There are far too many parents who expect teachers to bring up their children and think that educating their children stops when the school bell rings.

wannaBe · 06/04/2009 09:22

on the news they said it was 1/4.

I'm not sure it should be about support, because most parents I know who are like this (and tbh there aren't a huge amount among the parents I personally know) don't think that they have any responsibility - they will blame everyone but themselves. The school, the current teacher, another child in the class even, but never themselves. And there really is no reasoning with people like that.

wannaBe · 06/04/2009 09:27

and, contentious I know, but how many parents take their children out of school during term time for holidays. Thus reinforcing the message to children that education is not important...

edam · 06/04/2009 09:30

KingRolo might have a point - as someone who isn't a teacher or TA I can't tell whether this is the equivalent of adults moaning about 'the youth of today' as every generation has since the Romans. (And probably earlier, only they didn't write it down.)

When it does happen, I bet it isn't class-related. There are middle class parents have a snotty attitude to schools, believing their precious cherubs couldn't possibly do anything wrong. Those who educate their children privately as much, if not more, than those who use state schools. Friend of mine in the private sector says if you work in the state sector, you get difficult kids, in private, you get difficult parents. Gross generalisation of course but some truth in it.

expatinscotland · 06/04/2009 09:34

I agree with the article. You now have a generation of feral people dragging up children who have no interest in education and see school and teachers as free babysitting.

You have a justice system which allows murderers to walk free in no time at all, so kids see there's no punishment for crime at all.

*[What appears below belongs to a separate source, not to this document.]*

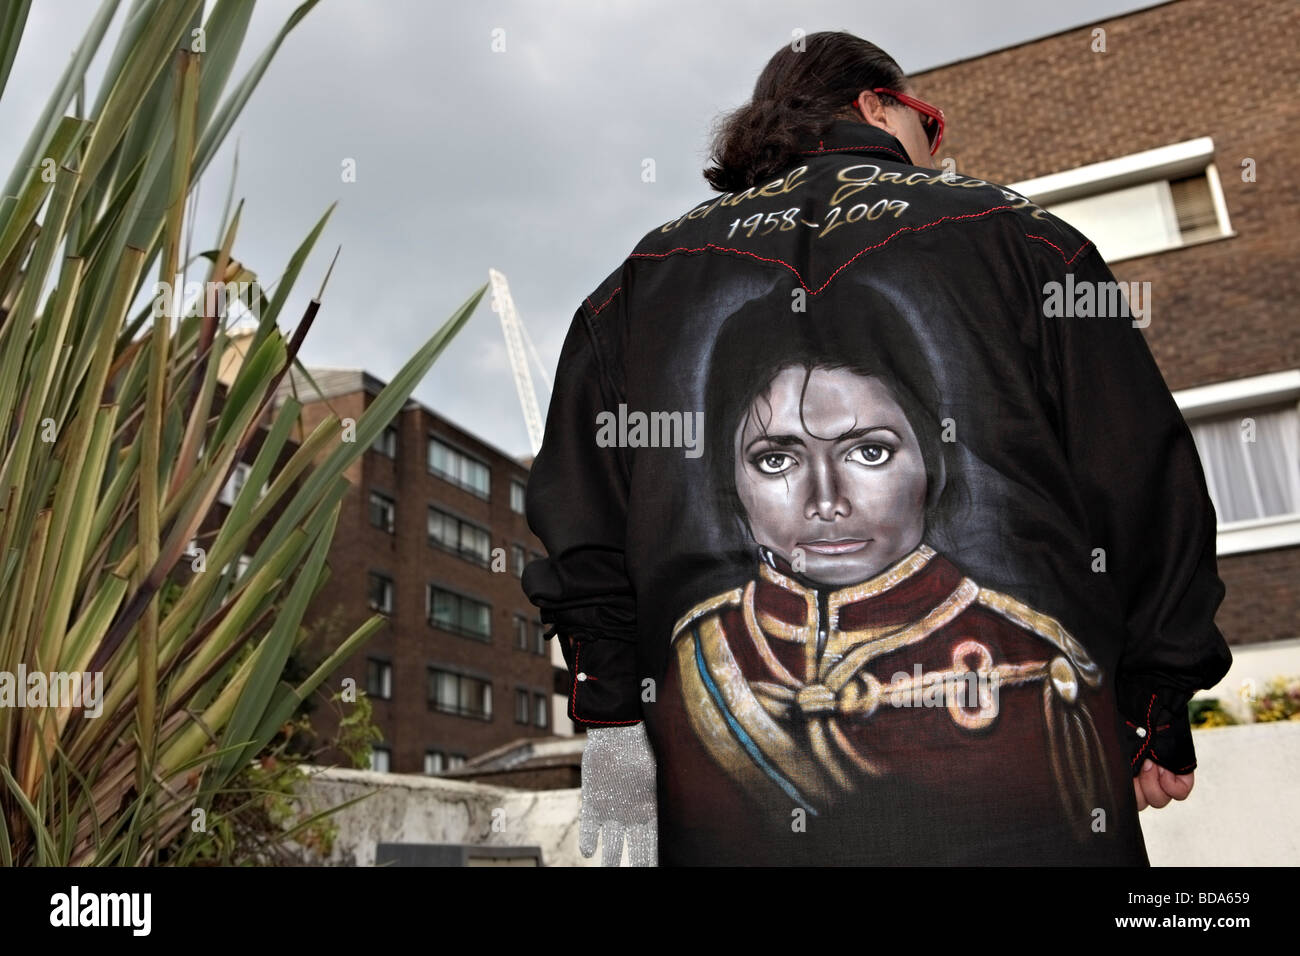 Michael Jackson's fan avec chemise noire sur mesure à Londres West End. Banque D'Images

You have a society that glorifies porn, being thick and taking the easy way out.

This shouldn't come as a surprise to anyone.

We reap what we sow.

ForeverOptimistic · 06/04/2009 09:35

hmm not sure I agree with that wannabe, I personally wouldn't do it because in our area we are told in no uncertain terms that it would be unauthorised absence. I do have relatives that take their holiday in term time, if they didn't they wouldn't be able to afford a break and they do take education very seriously.

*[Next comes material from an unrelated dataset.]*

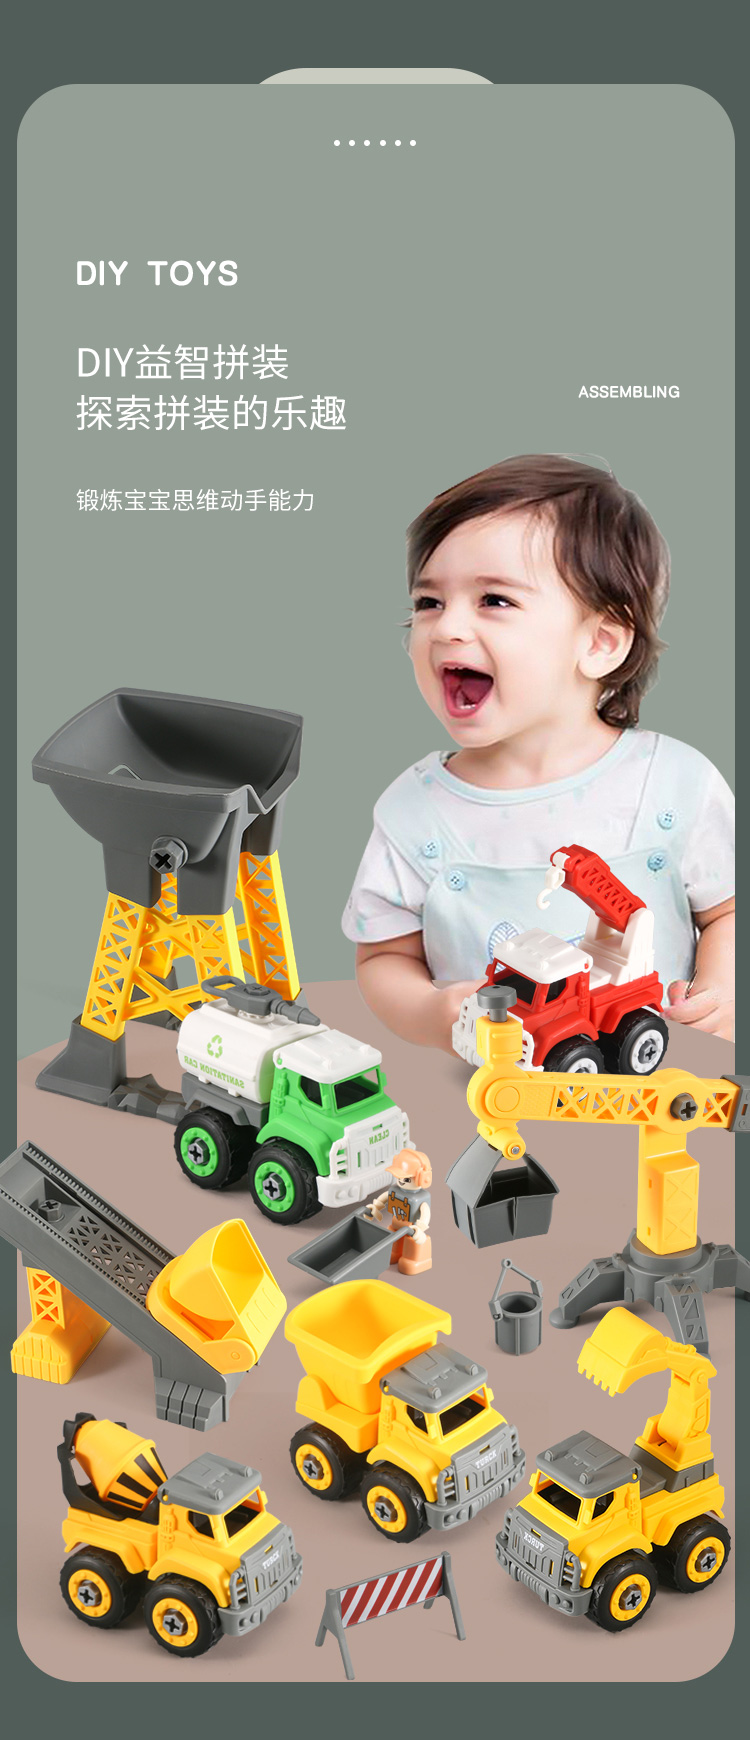 儿童拧螺丝钉玩具拆装工程车修理工具套装组装可拆卸汽车动手能力

BetsyBoop · 06/04/2009 09:45

I agree it's not just state sector

My brother works in a highly regarded public school & has had problems with both kids & parents - okay not usually effing and blinding, much more eloquent & (so far) no threats of physical violence, but the underlying thoughts of some parents & kids are the same

From the parents you get "My little Johny couldn't possibly have...(insert any bad behaviour)...it's the school's fault" and "It's your job to ensure Tarquin gets an A* in his GCSE and I will hold you personally accountable if he doesn't..."

One boy told him that he (my brother) HAD to do his GCSE course work for him as his Daddy had paid the school a lot of money to ensure this happened.... My brother of course pointed out that it didn't quite work like that to the boy (and his mother who turned up the next day to "resolve the issues he (my brother) had with her son"...)

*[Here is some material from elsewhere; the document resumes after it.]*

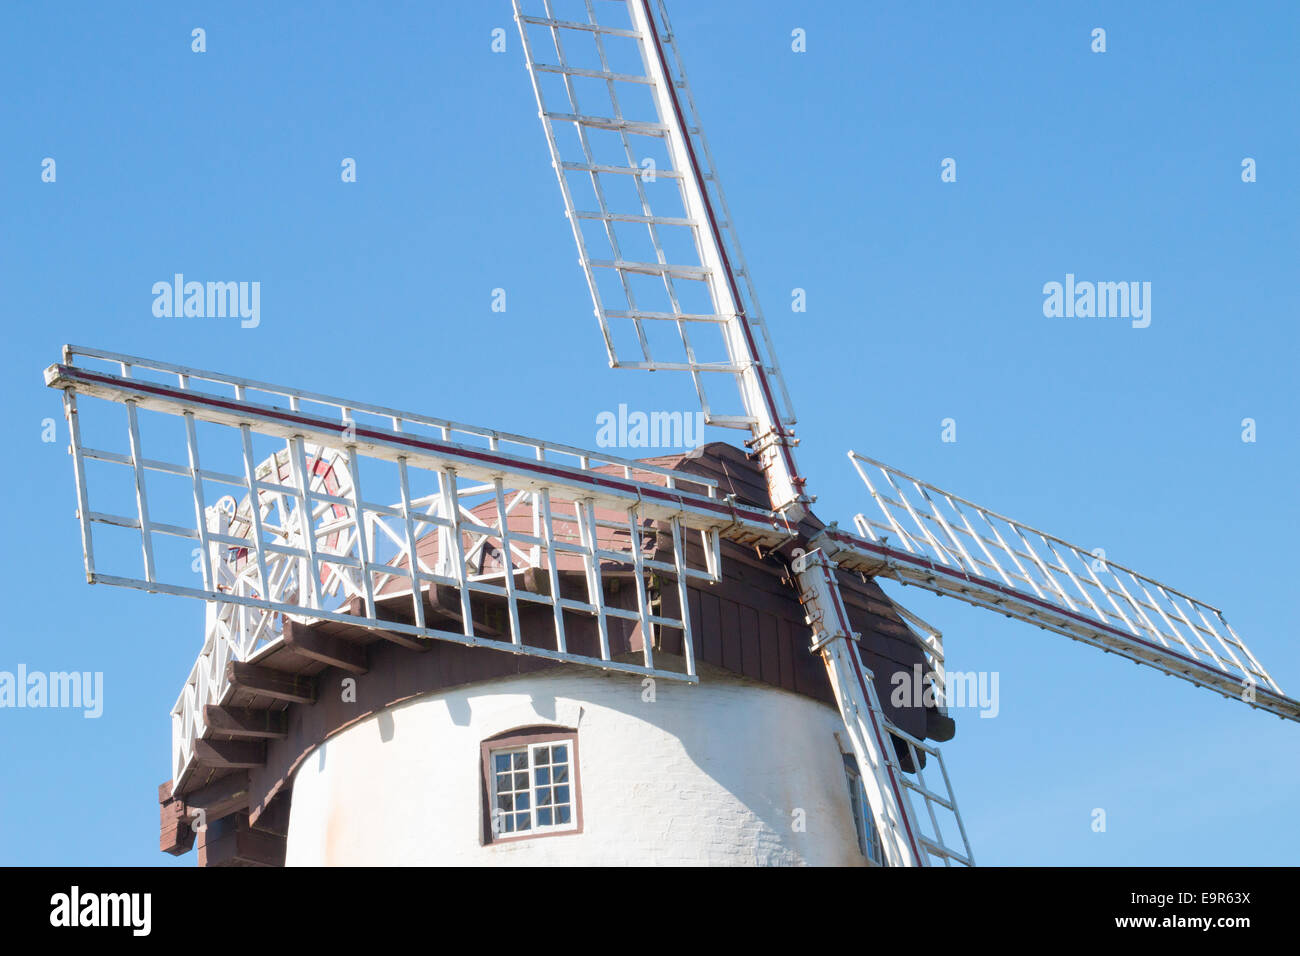 historic windmill in Launceston,Tasmania Australia Stock Photo

My SIL works as a teacher in the state sector, they've both been teaching for about 30yrs and both say it's getting worse every year.

juuule · 06/04/2009 09:46

This thread is depressing.
I feel so sorry for the children who are brought up to respect people having to live with this 6 hours a day and despair that they would fall in with the rest and think that bad behaviour is the way to go.
I feel sorry for teachers who must at some point come to consider their students as the enemy and possibly tar other children with the same brush when they don't deserve to be.
And everybody blaming each other.

Wannabe taking children out of school during term-time doesn't necessarilly mean reinforcing the message that education isn't important. It might mean that some aspects of school are not as important as they are made out to be and that there are other things that can matter more. But that's been done to death on other threads.